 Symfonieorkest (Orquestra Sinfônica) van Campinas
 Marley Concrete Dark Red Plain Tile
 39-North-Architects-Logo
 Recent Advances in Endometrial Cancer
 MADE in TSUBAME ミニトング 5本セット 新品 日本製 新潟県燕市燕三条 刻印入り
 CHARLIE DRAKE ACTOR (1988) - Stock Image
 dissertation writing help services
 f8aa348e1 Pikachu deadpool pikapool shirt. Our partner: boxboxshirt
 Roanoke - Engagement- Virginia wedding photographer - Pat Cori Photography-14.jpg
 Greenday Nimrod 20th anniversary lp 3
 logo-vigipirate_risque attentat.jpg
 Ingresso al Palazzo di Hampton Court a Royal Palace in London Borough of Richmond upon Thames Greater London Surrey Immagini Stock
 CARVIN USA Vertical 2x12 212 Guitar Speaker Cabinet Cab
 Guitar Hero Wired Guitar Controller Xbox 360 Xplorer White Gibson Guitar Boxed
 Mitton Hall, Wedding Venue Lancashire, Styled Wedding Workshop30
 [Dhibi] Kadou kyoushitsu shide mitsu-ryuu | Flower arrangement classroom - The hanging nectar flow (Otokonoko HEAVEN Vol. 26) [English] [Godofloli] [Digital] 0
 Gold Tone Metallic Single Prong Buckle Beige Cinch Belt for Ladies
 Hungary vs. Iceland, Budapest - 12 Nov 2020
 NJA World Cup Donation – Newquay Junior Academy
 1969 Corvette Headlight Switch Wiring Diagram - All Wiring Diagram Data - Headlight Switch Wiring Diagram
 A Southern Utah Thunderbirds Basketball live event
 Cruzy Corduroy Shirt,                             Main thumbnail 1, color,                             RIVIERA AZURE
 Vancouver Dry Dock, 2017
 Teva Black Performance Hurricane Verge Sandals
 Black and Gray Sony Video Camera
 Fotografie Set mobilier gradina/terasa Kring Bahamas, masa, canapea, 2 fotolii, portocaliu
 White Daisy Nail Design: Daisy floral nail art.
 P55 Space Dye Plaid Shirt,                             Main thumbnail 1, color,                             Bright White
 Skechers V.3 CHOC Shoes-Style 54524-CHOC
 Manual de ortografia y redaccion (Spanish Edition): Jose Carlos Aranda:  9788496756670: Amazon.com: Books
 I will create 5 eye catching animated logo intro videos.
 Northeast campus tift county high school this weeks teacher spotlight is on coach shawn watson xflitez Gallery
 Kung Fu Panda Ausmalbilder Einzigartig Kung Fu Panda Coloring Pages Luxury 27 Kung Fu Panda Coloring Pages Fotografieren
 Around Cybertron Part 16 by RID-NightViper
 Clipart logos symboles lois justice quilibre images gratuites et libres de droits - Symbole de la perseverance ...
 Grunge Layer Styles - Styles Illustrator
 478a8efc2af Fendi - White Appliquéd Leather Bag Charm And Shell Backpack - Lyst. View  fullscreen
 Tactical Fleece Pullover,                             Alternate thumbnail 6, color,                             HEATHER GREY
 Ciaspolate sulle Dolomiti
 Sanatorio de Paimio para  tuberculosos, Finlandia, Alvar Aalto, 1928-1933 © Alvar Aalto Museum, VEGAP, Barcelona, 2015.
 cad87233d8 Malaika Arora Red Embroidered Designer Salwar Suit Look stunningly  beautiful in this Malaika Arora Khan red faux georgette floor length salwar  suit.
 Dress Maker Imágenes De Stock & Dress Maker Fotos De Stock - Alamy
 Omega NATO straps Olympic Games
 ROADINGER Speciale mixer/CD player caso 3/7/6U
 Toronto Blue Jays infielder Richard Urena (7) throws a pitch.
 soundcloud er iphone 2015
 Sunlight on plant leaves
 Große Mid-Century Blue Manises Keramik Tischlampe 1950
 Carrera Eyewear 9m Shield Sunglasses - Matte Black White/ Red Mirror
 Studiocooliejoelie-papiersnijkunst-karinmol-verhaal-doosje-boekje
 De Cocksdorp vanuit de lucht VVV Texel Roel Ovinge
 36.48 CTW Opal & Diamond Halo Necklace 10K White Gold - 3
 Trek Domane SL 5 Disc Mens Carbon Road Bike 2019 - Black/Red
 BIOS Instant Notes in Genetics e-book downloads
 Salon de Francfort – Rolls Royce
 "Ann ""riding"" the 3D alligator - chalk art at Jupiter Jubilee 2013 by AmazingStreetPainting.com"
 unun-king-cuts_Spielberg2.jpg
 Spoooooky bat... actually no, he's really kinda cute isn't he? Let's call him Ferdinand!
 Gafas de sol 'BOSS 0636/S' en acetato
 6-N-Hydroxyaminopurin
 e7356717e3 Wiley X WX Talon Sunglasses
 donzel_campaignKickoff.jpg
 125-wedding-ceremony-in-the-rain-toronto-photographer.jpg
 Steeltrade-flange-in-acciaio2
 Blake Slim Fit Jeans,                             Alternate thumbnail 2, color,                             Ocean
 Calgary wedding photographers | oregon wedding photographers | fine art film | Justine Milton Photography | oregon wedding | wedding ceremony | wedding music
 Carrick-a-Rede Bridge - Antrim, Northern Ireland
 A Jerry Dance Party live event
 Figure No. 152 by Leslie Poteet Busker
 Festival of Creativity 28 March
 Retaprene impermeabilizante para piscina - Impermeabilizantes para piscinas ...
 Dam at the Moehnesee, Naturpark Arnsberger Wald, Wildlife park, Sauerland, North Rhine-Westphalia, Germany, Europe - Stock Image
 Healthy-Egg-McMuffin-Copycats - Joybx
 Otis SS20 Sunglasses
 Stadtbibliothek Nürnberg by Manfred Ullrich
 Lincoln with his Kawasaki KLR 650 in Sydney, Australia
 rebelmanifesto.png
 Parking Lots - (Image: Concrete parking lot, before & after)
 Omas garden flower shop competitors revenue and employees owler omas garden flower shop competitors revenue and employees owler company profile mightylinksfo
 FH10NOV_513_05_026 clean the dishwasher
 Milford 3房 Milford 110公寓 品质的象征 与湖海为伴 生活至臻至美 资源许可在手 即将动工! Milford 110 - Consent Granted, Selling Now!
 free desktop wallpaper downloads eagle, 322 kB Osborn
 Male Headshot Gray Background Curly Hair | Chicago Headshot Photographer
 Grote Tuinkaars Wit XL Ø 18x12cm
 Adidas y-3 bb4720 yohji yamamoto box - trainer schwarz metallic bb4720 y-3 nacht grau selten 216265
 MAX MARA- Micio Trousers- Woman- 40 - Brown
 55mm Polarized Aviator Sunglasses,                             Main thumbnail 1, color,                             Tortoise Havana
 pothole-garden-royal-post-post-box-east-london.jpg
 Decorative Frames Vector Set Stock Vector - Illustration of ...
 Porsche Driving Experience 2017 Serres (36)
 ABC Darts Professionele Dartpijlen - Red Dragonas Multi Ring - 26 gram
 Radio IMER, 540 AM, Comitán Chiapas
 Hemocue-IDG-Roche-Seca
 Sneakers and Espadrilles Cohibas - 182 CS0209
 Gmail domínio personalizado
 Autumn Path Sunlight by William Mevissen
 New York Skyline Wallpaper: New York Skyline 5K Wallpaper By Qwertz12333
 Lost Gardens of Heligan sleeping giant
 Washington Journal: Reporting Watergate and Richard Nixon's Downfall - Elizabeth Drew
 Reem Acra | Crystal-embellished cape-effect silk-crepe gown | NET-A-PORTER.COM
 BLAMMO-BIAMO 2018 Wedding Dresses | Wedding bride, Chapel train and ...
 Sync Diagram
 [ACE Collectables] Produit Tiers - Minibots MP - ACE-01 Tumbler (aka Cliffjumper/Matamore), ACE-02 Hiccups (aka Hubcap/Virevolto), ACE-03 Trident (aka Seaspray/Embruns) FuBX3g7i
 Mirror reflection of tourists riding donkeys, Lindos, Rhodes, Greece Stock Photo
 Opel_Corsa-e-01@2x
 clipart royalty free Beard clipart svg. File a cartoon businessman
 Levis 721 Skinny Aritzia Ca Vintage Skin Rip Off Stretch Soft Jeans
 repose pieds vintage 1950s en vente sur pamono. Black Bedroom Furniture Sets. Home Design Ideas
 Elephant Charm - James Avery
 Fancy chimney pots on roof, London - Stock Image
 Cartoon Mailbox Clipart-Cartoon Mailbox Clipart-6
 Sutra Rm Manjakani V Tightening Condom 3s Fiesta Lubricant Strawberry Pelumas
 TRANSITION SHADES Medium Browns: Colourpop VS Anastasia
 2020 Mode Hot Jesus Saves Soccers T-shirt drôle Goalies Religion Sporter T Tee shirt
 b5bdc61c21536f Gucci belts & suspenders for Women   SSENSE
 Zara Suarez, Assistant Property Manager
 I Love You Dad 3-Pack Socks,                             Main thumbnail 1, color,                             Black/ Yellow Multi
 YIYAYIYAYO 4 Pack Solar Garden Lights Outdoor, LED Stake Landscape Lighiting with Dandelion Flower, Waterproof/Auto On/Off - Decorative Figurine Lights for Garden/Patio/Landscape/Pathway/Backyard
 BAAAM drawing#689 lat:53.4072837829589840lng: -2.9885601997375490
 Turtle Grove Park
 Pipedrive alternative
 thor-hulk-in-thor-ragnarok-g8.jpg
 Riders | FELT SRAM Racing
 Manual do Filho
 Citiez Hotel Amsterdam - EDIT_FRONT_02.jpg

* Task
A complete answer lists each line of the data that holds the word "Guitar".

* Solved problem
 CARVIN USA Vertical 2x12 212 Guitar Speaker Cabinet Cab
 Guitar Hero Wired Guitar Controller Xbox 360 Xplorer White Gibson Guitar Boxed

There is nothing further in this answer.